With Ki, users can install a wireless transmitter under a nonmetal surface to generate a cordless hot surface to power supported kitchen appliances.Wireless Power Consortium

In one of the opening presentations at this month’s Smart Kitchen Summit in Seattle, the annual conference that brings together people working at the intersection of food and technology, Beth Altringer of the Flavor Genome Project at Harvard divided the idea of improving kitchen time into two categories. The idea—theoretically—behind much of the technology looking to make cooking easier is to first reduce the drudgery or the times spent doing the tasks we enjoy less. Dishwashers, microwaves, and countertop fryers have all contributed there.

The second, her focus, is how we increase the time we spend doing the parts we enjoy—be that the actual cooking, or perhaps the sitting down to eat with the family.

The problem, over the five years of the conference, has been that much of the focus flies to what people are doing because they can do it (operate your oven from your phone, have a spoon that tells you when to stir) because it reduces total kitchen time (potentially the enjoyable parts), or because it improves how the showrunners view cooking—which, when the speaker list is only 25% female and the gender split of who does the cooking in American households is the reverse—can be limiting.

Some panelists spoke to the gender and culinary diversity issues of the systems—particularly something like the June oven, one of the most buzzed-about products of the event, which learns from how users interact with it. The company’s smart oven, currently in its second generation, learns how each food product is cooked. However, cofounder and CEO Matt Van Horne explained, the oven’s developers built the product for themselves—admittedly young, white, male, and in the tech industry—and were written about by their peers as such. That compounded the issue by limiting the oven to what it could learn from what the people who purchased it were cooking, which, says Van Horne, was mostly steak. As the company launches in Whole Foods this month, it’s likely that will expand. But, as Altringer had said, the June oven tends to take away some of the rare parts of the cooking experience that many people want to do, rather than the “drudgery” tasks like prepping vegetables or washing dishes.

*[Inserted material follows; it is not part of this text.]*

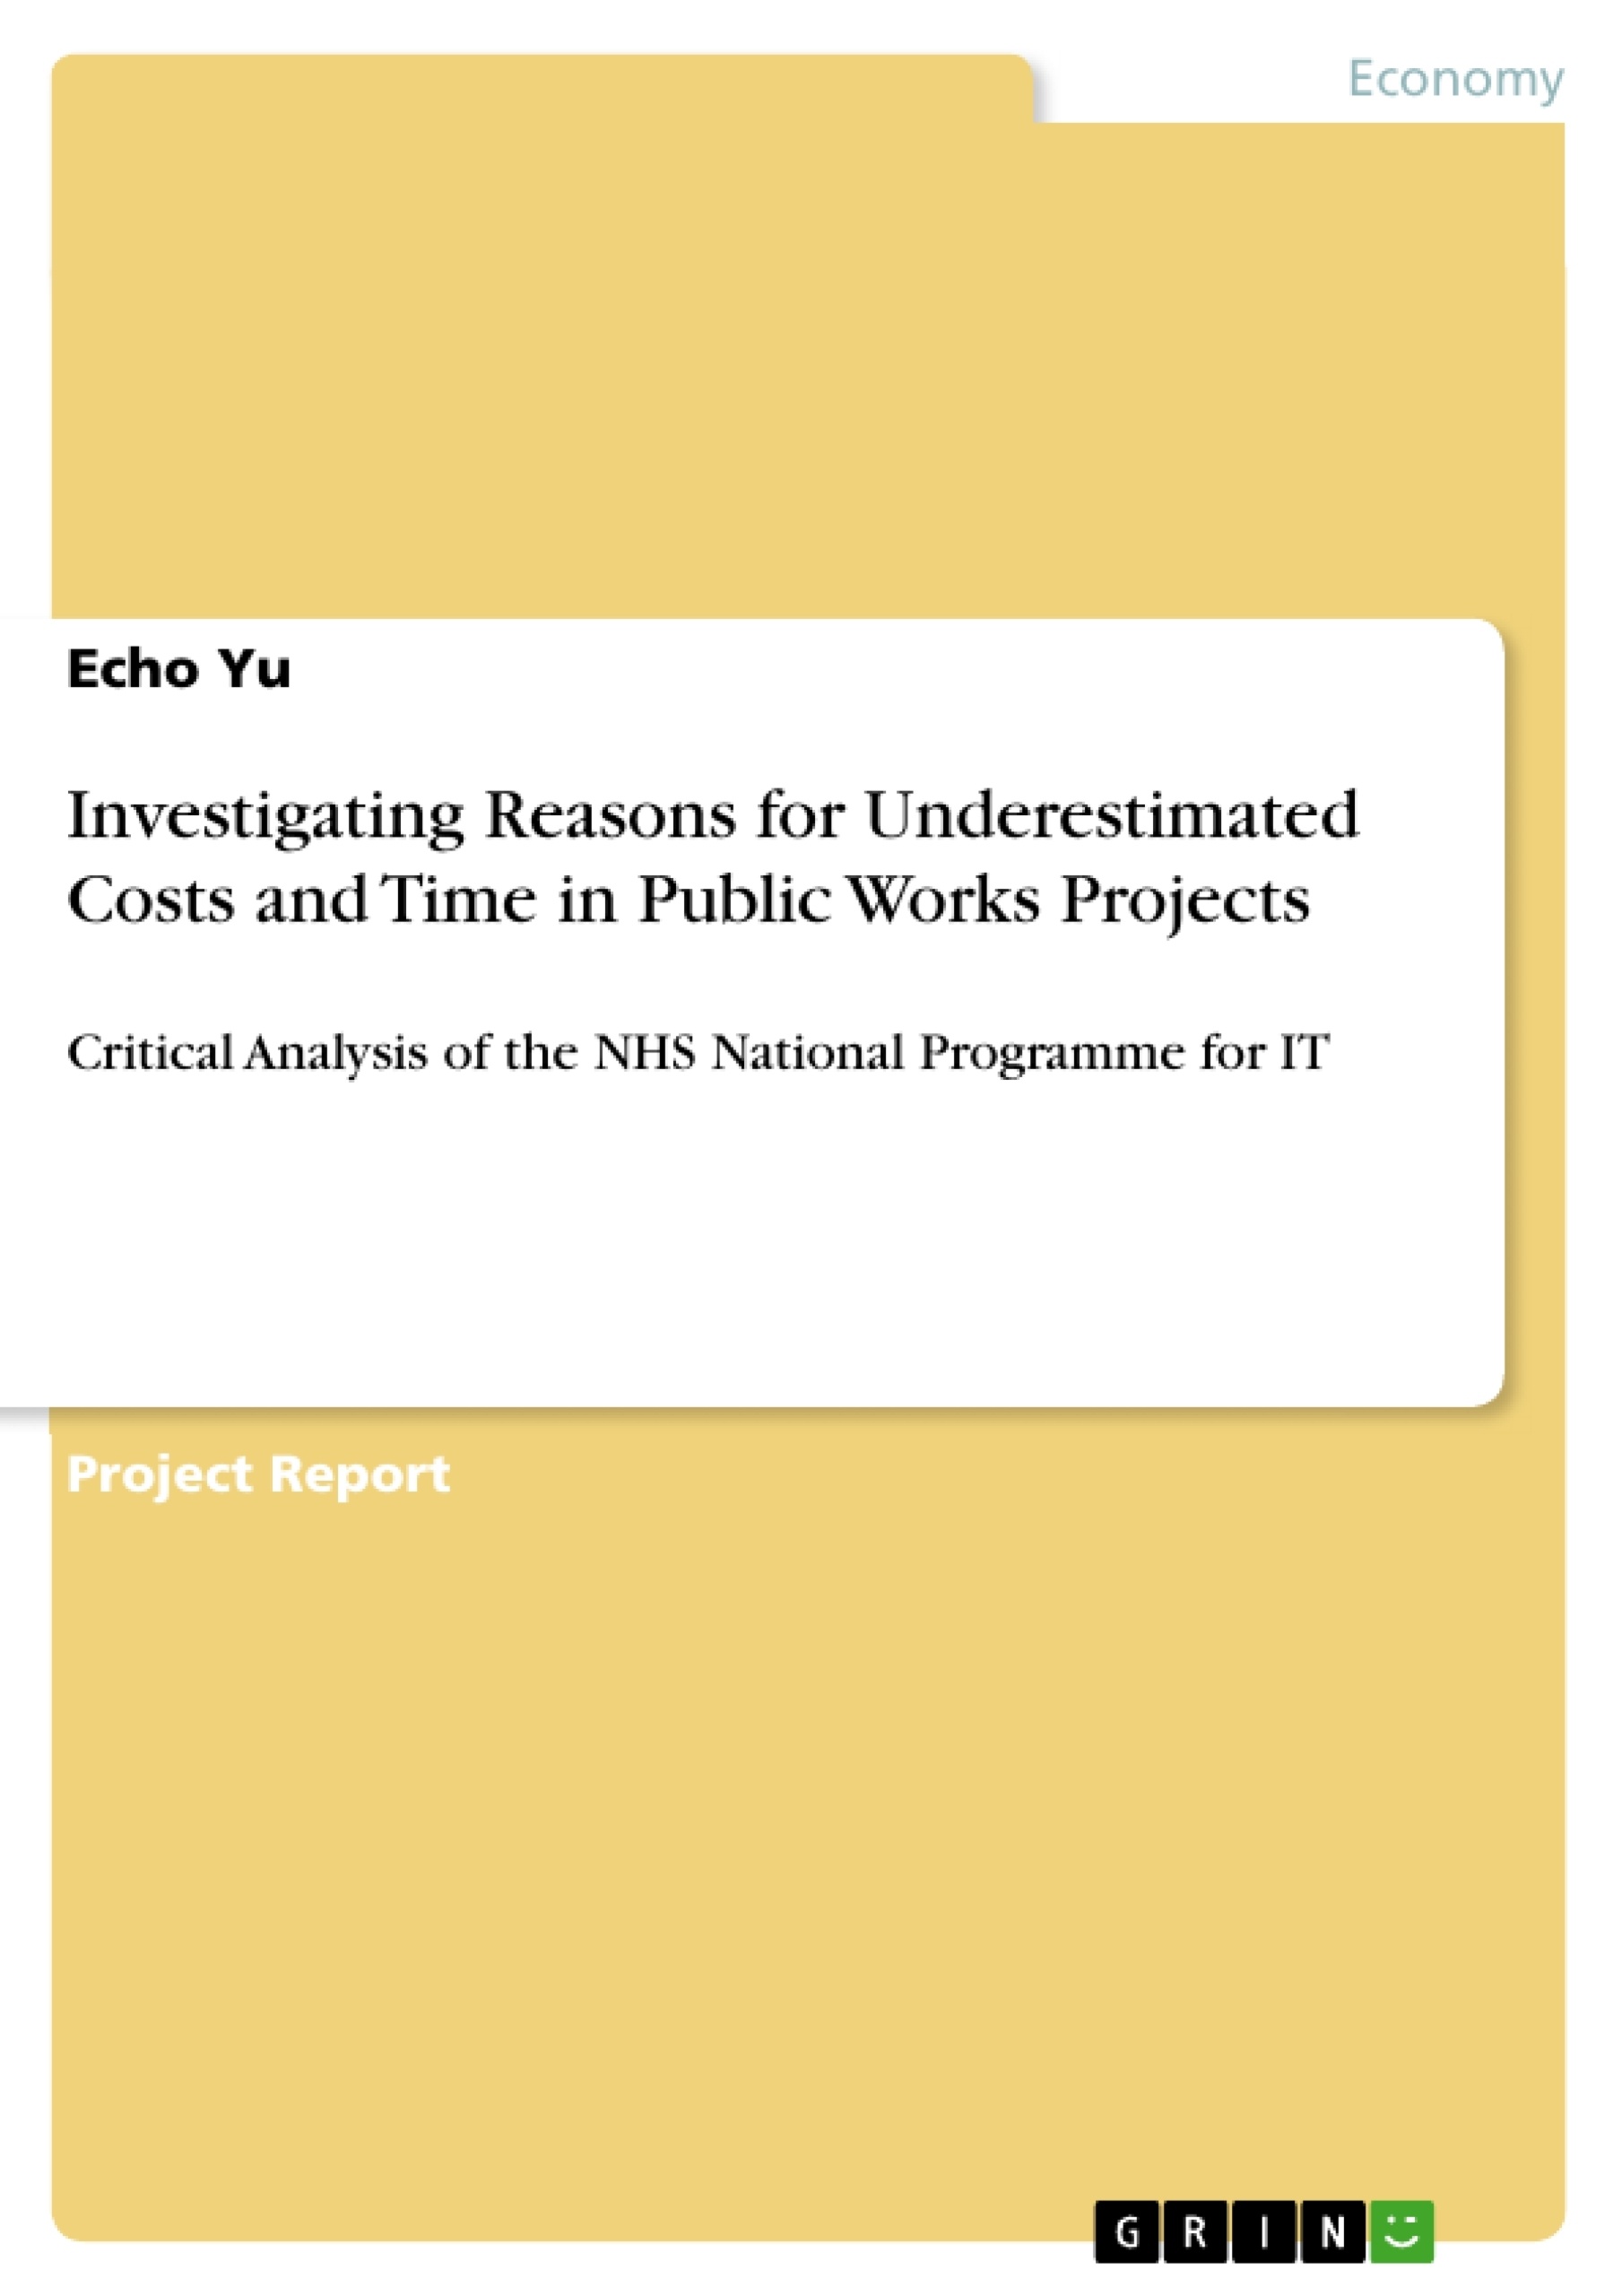 Titre: Investigating Reasons for Underestimated Costs and Time in Public Works Projects

One of the few innovations that did address just that is the Ki from Wireless Power Consortium. The idea is that users can install a wireless transmitter under the counter (any nonmetal surface) and create a cordless hot spot that would power any kitchen appliance that uses the technology. That opens up counter space that might not have otherwise been usable because of a lack of outlet. Ki-powered surfaces would also be usable as burners for smart pans.

But while getting rid of a cord or two is appealing in reducing hassle (especially in small kitchens where each appliance is stored away between each use), the real upside is that the wireless technology allows every appliance to be completely sealed—and thus easy to clean: think throwing your entire food processor in the dishwasher. Realistically, the technology is about a year away and doesn’t yet include the kind of kitchen-standard brands like Cuisinart or KitchenAid. But it gets at one of the most interesting parts of the conference—not the technology that currently exists, but the technology that might someday make those improvements in how people cook or eat—the kind of change brought about by the microwave, refrigerator, or dishwasher when they made it to home kitchens decades ago.

For now, though, the products tend to look for members of the same aforementioned niche demographics who spoke at the conference. “Who is your customer?” I asked the man showing off a Breville pizza oven. The countertop oven, which goes to 750 degrees Fahrenheit (about 200 degrees higher than most home ovens) made a damn fine pizza—especially when prepared by star Seattle chef John Sundstrom of Lark and Southpaw restaurants. But it was the size of a large microwave, and I couldn’t figure out who might have the space or the wherewithal to purchase such a thing. “Chefs,” he said, who use it for events where they can’t bring their restaurant oven with them. “And pizza fanatics. People making pizza two to three times a week.” I’m not sure who is making pizza multiple times a week from scratch, save a few fanatics. But the food writer in me also couldn’t help but dream about what else I could do with a 750-degree oven of some sort: crusty breads of all kinds and charred vegetables.

The conference still doesn’t seem to be looking for how technology might help the people who actually balance the burden of producing a dinner each night with the joy of cooking, still bogged down in the idea of what is possible and not how it was possible to help—someday.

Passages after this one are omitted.